What the task requires:
Among the lines below, keep only those from the one containing "naom 5a2b969d1cde4 - Cantores" through the one containing "677f5c42d9d Polo Ralph", and reproduce them exactly.

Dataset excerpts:

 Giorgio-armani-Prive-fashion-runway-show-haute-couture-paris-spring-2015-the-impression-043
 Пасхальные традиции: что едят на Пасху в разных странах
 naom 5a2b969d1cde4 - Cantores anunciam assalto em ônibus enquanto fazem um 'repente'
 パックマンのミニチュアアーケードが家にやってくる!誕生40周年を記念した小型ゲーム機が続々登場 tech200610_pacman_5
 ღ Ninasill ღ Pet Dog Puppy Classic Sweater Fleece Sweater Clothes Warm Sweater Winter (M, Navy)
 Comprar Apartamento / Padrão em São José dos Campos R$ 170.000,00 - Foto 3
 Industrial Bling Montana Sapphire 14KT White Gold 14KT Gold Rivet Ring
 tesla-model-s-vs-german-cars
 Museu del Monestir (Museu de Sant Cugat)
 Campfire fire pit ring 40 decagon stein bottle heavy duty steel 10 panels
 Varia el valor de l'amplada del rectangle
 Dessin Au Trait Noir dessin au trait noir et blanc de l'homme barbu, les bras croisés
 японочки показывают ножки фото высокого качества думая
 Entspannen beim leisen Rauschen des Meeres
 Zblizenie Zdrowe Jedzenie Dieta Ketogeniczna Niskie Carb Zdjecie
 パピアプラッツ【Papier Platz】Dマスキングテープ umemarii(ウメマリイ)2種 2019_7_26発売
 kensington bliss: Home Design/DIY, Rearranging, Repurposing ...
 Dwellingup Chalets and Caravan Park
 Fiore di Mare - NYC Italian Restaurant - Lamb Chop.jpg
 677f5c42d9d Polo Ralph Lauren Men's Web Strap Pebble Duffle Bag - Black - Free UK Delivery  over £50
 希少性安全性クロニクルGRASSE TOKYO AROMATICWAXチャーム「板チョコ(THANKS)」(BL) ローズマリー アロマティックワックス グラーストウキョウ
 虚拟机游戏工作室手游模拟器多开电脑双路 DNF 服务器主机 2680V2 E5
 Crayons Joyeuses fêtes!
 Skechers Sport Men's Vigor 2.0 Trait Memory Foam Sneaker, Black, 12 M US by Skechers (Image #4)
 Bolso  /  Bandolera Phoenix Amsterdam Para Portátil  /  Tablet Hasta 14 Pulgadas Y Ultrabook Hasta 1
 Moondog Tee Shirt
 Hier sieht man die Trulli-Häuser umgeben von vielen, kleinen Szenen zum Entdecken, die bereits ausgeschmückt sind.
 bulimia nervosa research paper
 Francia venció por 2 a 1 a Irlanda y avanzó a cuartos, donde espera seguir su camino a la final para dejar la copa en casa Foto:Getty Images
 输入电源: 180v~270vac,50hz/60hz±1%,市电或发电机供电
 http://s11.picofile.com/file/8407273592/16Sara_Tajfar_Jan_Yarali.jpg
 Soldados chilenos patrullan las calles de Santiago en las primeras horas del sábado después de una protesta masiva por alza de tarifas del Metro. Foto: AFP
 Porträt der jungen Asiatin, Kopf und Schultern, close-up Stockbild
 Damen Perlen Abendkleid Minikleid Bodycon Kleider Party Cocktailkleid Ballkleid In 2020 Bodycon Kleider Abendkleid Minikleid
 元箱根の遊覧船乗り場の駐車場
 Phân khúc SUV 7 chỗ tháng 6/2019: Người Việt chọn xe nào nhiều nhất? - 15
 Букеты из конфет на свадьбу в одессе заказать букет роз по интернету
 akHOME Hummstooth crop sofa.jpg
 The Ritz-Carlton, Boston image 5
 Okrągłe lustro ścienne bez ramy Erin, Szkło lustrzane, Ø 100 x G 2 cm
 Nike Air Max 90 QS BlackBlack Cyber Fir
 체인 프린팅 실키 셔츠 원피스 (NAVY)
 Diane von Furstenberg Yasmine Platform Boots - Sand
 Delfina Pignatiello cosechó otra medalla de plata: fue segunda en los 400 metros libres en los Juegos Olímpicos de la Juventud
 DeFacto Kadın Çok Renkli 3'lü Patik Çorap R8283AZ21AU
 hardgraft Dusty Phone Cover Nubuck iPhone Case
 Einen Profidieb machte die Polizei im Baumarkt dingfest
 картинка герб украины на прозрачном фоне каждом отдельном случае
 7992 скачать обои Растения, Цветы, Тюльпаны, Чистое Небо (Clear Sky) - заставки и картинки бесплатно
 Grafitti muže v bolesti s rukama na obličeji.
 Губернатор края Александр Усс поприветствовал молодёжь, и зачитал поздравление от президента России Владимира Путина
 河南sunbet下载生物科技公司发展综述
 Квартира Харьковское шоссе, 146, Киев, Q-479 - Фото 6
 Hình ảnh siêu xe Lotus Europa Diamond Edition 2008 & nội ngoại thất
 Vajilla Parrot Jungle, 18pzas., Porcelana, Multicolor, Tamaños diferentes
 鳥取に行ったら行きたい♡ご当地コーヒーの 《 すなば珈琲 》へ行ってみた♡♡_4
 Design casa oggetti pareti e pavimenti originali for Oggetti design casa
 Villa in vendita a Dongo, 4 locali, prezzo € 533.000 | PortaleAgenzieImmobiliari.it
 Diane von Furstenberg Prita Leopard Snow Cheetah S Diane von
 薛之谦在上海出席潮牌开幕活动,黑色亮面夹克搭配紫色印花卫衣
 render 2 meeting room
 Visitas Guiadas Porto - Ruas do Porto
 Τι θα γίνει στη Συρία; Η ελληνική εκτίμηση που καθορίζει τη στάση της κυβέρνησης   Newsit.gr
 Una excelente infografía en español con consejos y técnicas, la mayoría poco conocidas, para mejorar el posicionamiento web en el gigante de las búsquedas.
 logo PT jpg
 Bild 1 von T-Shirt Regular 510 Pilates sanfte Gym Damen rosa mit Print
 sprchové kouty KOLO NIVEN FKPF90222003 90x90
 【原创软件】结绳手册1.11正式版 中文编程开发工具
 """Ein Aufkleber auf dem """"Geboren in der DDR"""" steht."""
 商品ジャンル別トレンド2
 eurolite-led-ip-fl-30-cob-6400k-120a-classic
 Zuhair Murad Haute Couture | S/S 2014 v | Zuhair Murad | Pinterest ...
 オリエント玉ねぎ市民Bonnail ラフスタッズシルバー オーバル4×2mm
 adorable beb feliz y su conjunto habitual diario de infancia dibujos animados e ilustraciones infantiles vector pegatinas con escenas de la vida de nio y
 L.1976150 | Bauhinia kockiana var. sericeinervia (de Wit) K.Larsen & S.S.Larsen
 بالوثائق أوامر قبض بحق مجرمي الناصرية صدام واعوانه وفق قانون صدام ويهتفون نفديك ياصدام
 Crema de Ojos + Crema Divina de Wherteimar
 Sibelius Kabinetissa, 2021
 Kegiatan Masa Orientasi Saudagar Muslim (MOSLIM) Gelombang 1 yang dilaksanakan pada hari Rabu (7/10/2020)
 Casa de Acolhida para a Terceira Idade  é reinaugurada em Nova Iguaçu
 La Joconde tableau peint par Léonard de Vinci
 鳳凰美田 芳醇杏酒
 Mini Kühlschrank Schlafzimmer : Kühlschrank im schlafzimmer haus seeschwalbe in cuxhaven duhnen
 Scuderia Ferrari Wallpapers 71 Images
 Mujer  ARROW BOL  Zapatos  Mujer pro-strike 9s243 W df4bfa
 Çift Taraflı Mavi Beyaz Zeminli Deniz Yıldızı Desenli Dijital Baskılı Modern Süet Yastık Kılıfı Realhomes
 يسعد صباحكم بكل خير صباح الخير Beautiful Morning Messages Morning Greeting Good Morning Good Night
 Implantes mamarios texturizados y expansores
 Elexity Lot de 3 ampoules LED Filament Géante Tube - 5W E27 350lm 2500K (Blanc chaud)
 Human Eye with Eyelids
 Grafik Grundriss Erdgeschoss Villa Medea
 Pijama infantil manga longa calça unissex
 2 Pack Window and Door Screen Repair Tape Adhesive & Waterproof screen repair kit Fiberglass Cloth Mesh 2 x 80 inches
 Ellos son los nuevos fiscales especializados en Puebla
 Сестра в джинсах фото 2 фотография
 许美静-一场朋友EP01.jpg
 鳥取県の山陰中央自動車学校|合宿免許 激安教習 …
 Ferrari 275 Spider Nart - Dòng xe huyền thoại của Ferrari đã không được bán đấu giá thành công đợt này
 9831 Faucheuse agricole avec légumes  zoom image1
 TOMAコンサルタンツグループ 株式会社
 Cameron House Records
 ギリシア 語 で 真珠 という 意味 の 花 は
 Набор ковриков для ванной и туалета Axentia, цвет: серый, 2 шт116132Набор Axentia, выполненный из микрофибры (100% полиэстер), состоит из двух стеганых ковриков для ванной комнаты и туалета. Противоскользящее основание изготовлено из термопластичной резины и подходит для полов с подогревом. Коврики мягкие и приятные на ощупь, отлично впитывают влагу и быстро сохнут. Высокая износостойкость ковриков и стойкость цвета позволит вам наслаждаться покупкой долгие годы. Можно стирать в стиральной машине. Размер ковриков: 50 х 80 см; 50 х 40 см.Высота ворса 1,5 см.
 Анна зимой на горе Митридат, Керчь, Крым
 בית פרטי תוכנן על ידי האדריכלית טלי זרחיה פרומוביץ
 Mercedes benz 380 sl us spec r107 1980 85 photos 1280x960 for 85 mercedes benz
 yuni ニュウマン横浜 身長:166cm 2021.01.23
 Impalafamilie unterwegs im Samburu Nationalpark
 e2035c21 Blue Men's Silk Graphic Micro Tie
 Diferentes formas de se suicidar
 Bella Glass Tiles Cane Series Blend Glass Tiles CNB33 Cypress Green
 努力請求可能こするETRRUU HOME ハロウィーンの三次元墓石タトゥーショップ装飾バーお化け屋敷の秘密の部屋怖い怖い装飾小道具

Task solution:
 naom 5a2b969d1cde4 - Cantores anunciam assalto em ônibus enquanto fazem um 'repente'
 パックマンのミニチュアアーケードが家にやってくる!誕生40周年を記念した小型ゲーム機が続々登場 tech200610_pacman_5
 ღ Ninasill ღ Pet Dog Puppy Classic Sweater Fleece Sweater Clothes Warm Sweater Winter (M, Navy)
 Comprar Apartamento / Padrão em São José dos Campos R$ 170.000,00 - Foto 3
 Industrial Bling Montana Sapphire 14KT White Gold 14KT Gold Rivet Ring
 tesla-model-s-vs-german-cars
 Museu del Monestir (Museu de Sant Cugat)
 Campfire fire pit ring 40 decagon stein bottle heavy duty steel 10 panels
 Varia el valor de l'amplada del rectangle
 Dessin Au Trait Noir dessin au trait noir et blanc de l'homme barbu, les bras croisés
 японочки показывают ножки фото высокого качества думая
 Entspannen beim leisen Rauschen des Meeres
 Zblizenie Zdrowe Jedzenie Dieta Ketogeniczna Niskie Carb Zdjecie
 パピアプラッツ【Papier Platz】Dマスキングテープ umemarii(ウメマリイ)2種 2019_7_26発売
 kensington bliss: Home Design/DIY, Rearranging, Repurposing ...
 Dwellingup Chalets and Caravan Park
 Fiore di Mare - NYC Italian Restaurant - Lamb Chop.jpg
 677f5c42d9d Polo Ralph Lauren Men's Web Strap Pebble Duffle Bag - Black - Free UK Delivery  over £50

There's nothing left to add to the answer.